### [PROBLEM DESCRIPTION]
Repeat, exactly and in full, the lines of the listing below, but without any pictures.

### [INPUT DATA]

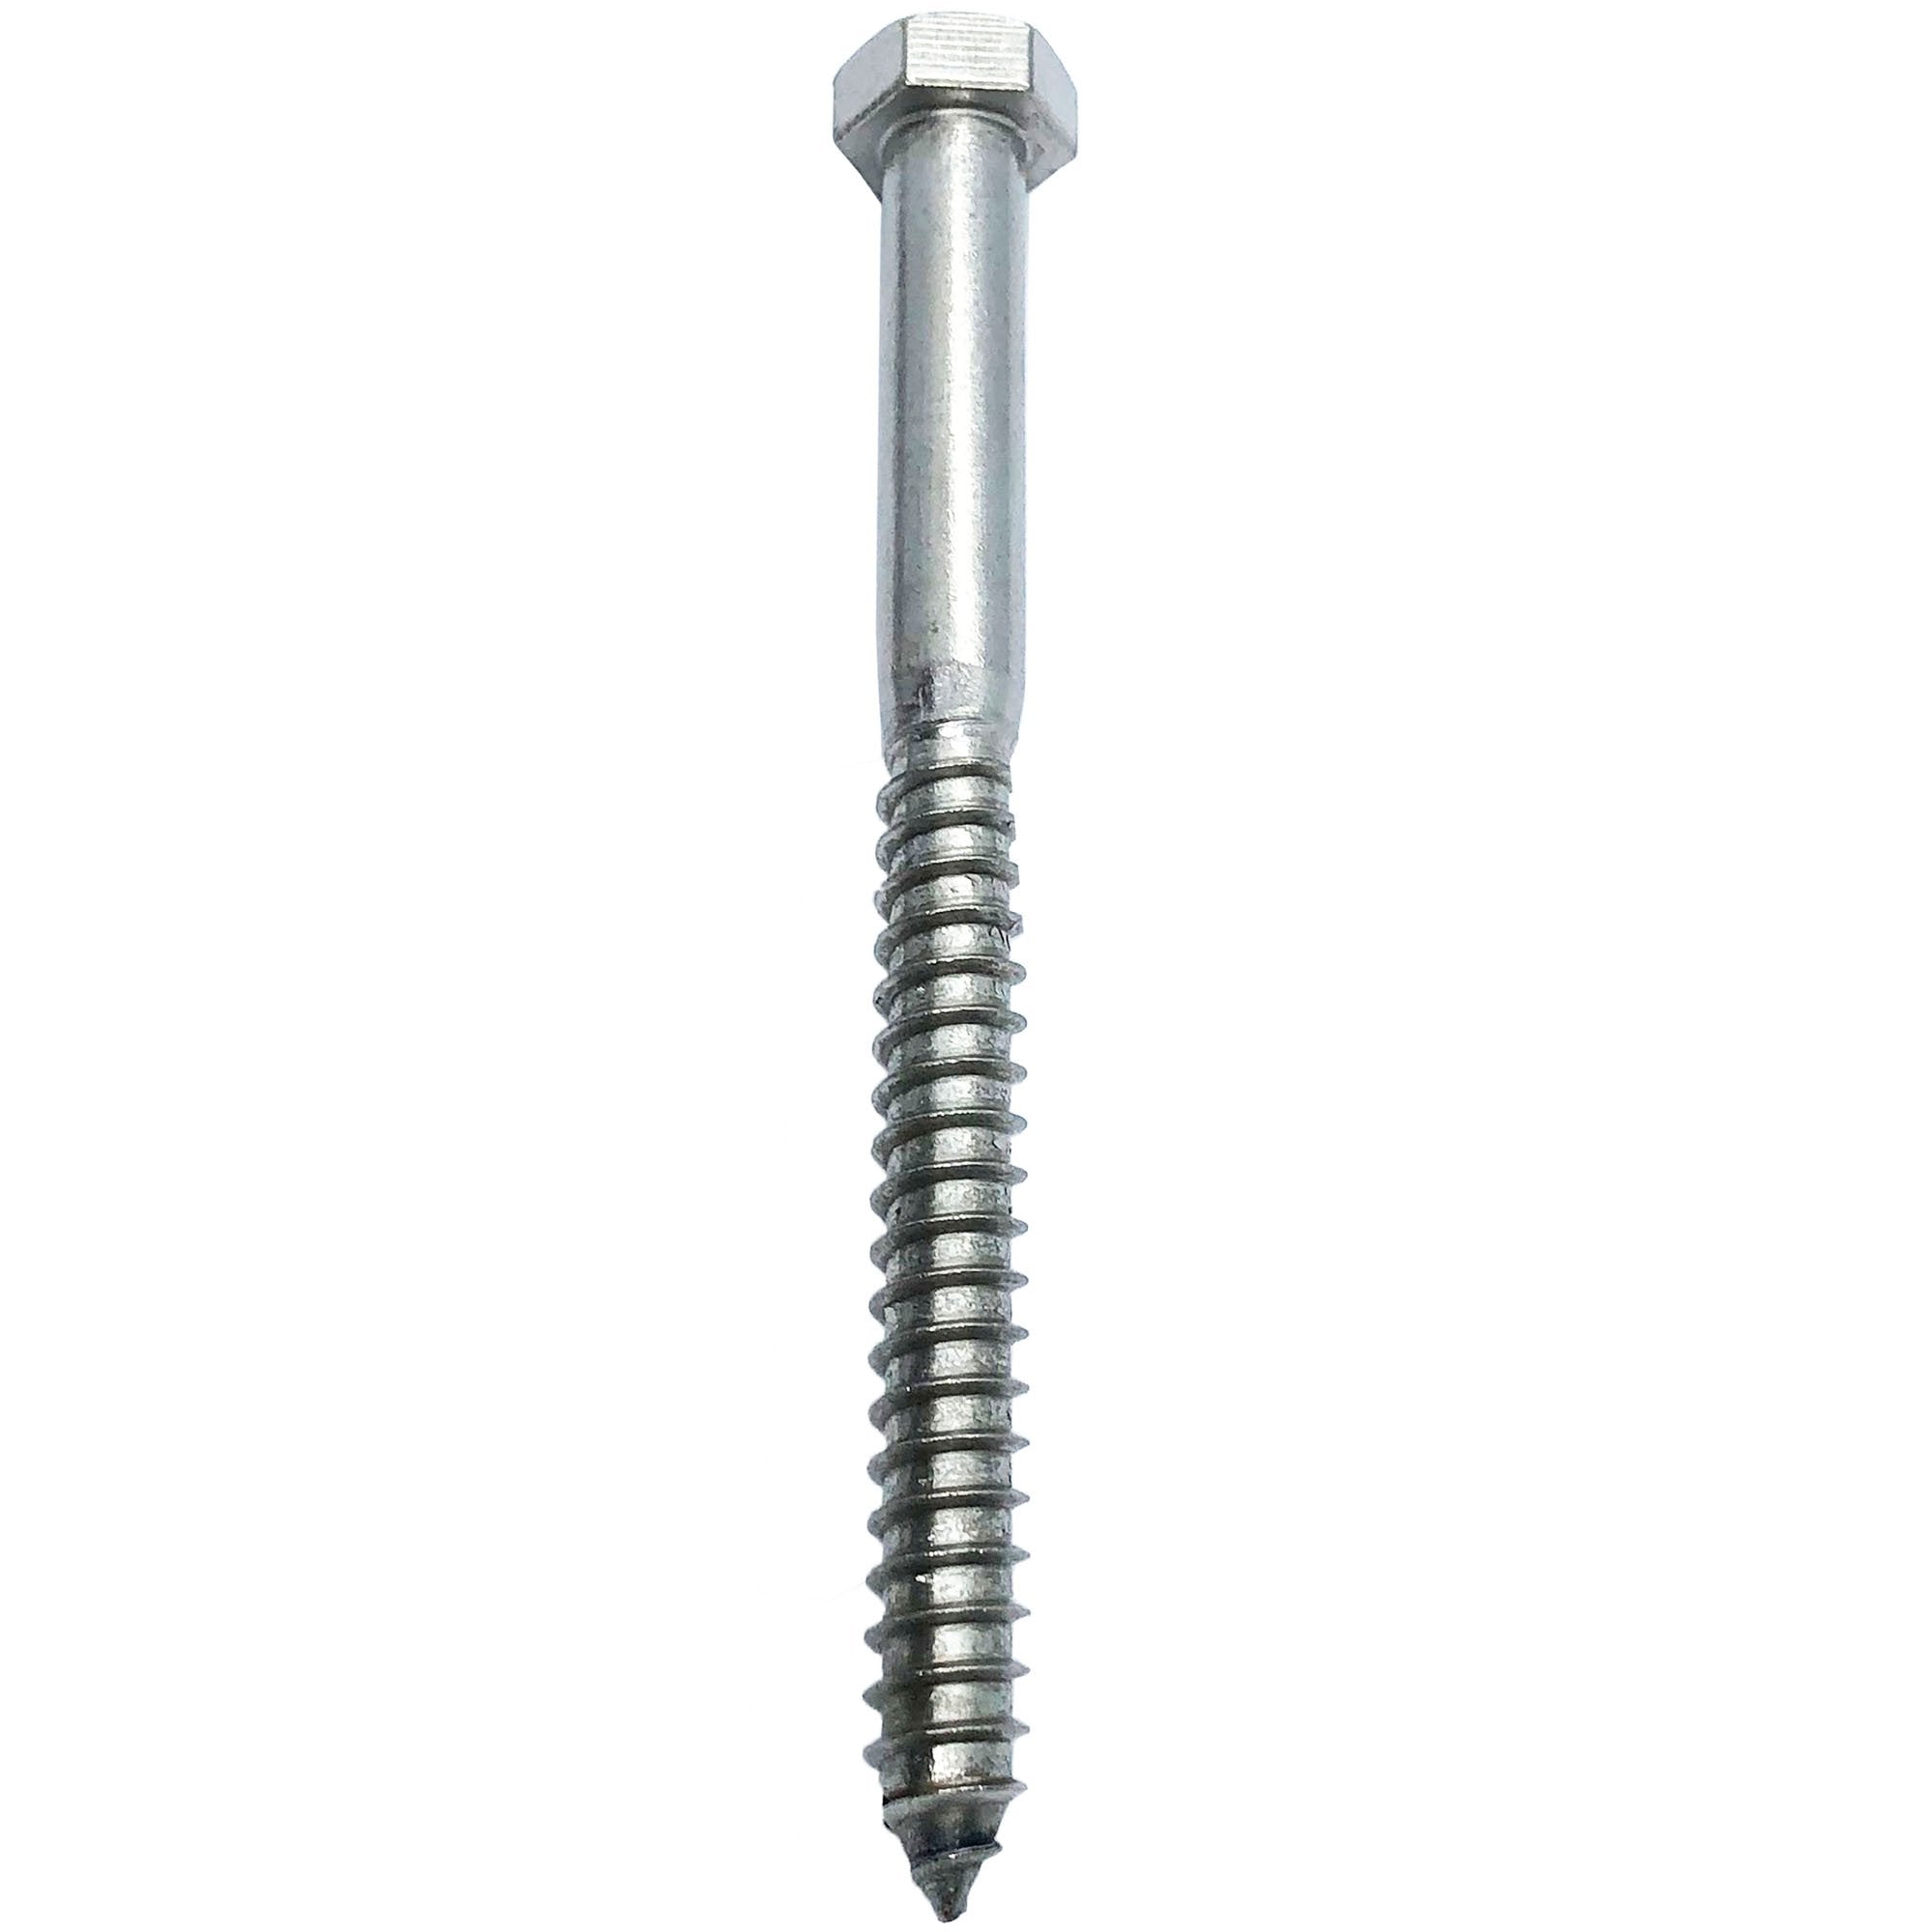 3/8 x 6 - 304 Grade Stainless Steel Lag Screws, Hex Head Fasteners, Stainless Steel Screw. Use As Construction, Wood, Metal, Lag Screw or Mounting
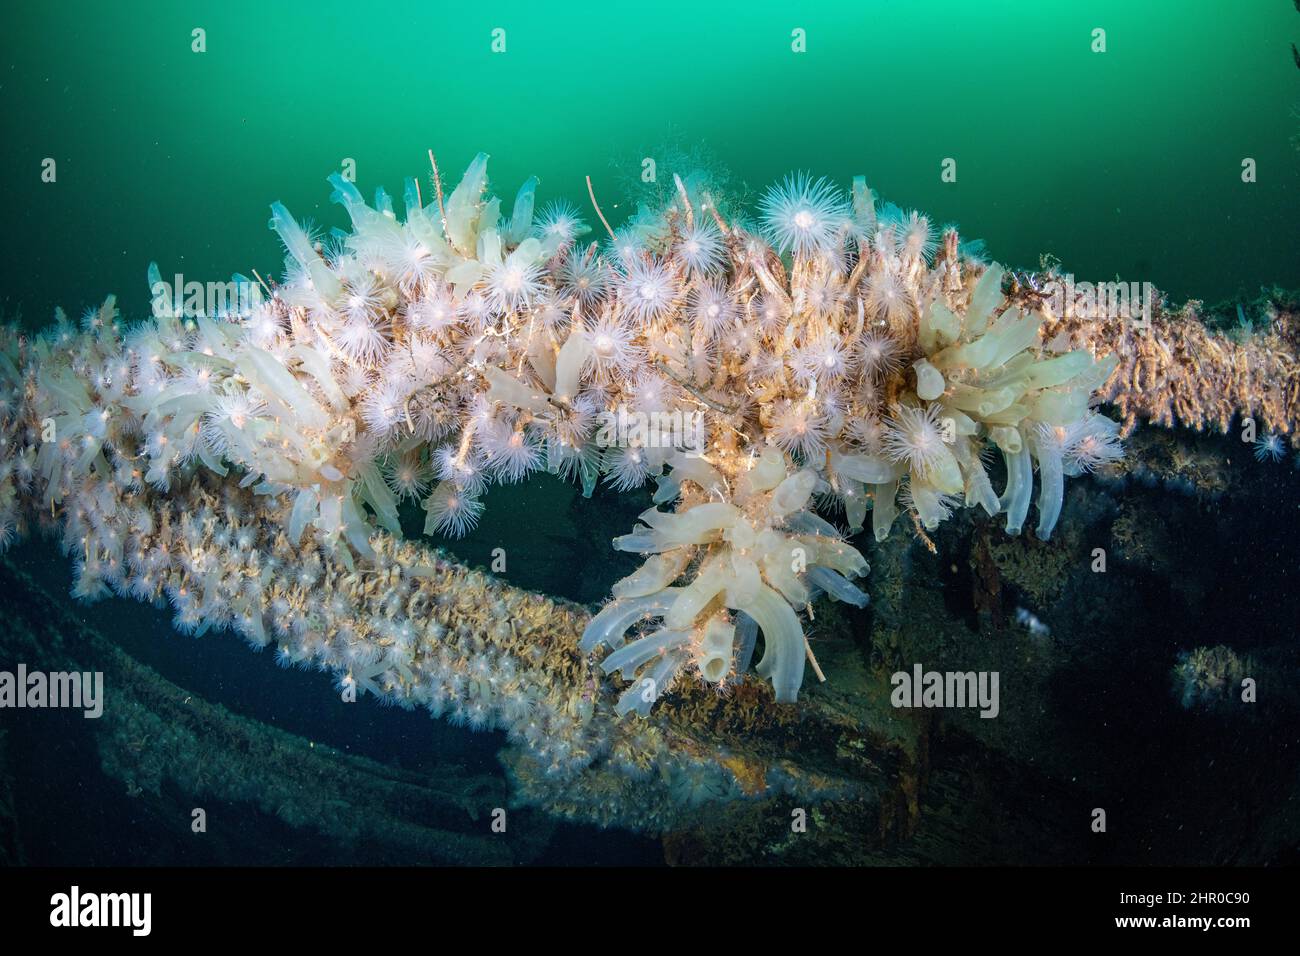 Sea squirts, (Ciona intestinalis) and (Protanthea simplex) is a species of sea anemone found in deep water. Flatanger, coastal commune in central Norw Stock Photo
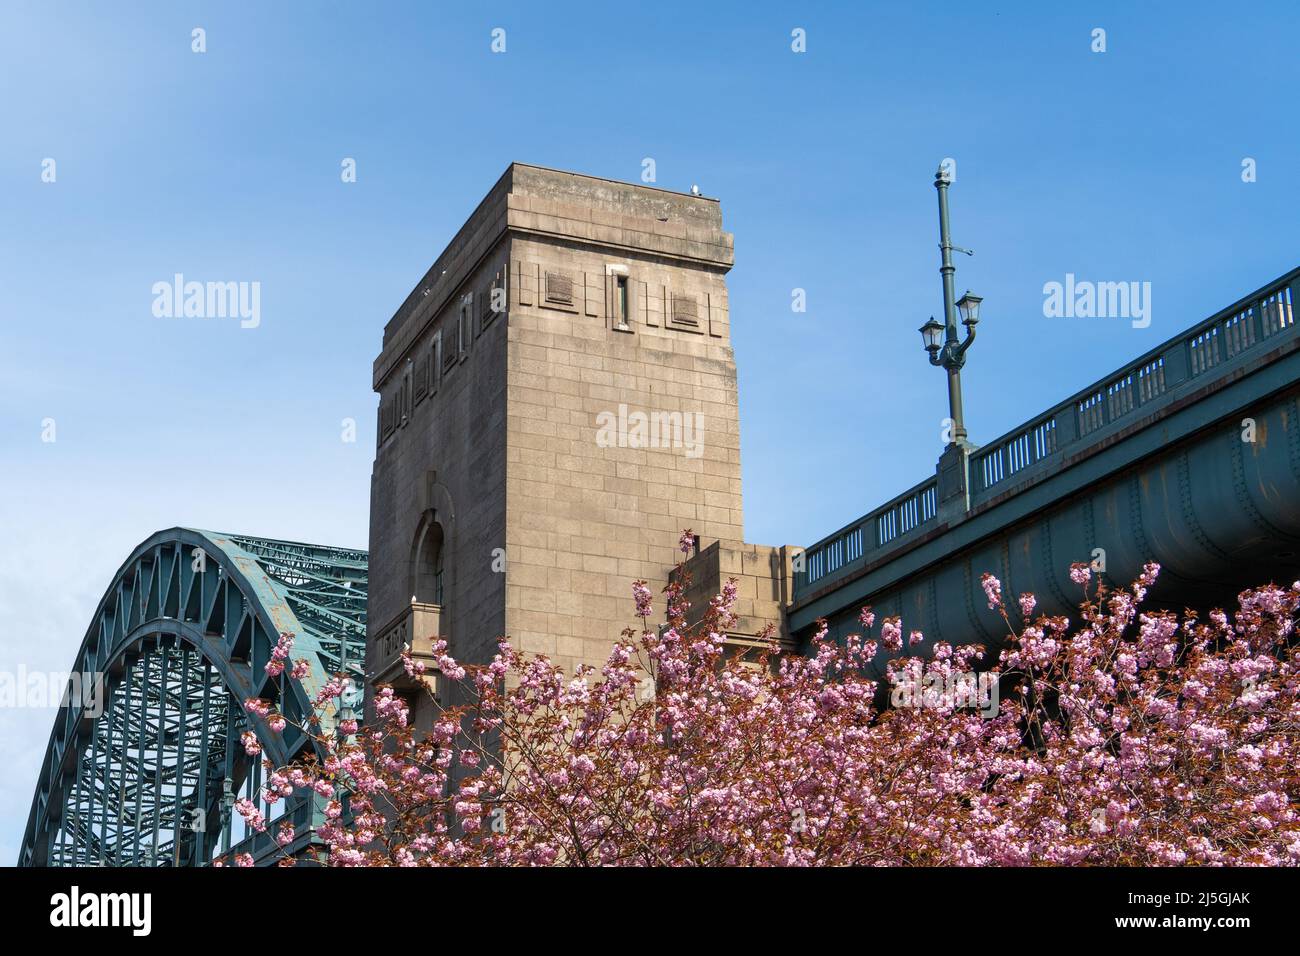 A stunning display of pink cherry blossom at the Tyne Bridge that joins Newcastle upon Tyne and Gateshead, UK. Credit: Hazel Plater/Alamy Stock Photo

### [RESPONSE]
 3/8 x 6 - 304 Grade Stainless Steel Lag Screws, Hex Head Fasteners, Stainless Steel Screw. Use As Construction, Wood, Metal, Lag Screw or Mounting
 Sea squirts, (Ciona intestinalis) and (Protanthea simplex) is a species of sea anemone found in deep water. Flatanger, coastal commune in central Norw Stock Photo
 A stunning display of pink cherry blossom at the Tyne Bridge that joins Newcastle upon Tyne and Gateshead, UK. Credit: Hazel Plater/Alamy Stock Photo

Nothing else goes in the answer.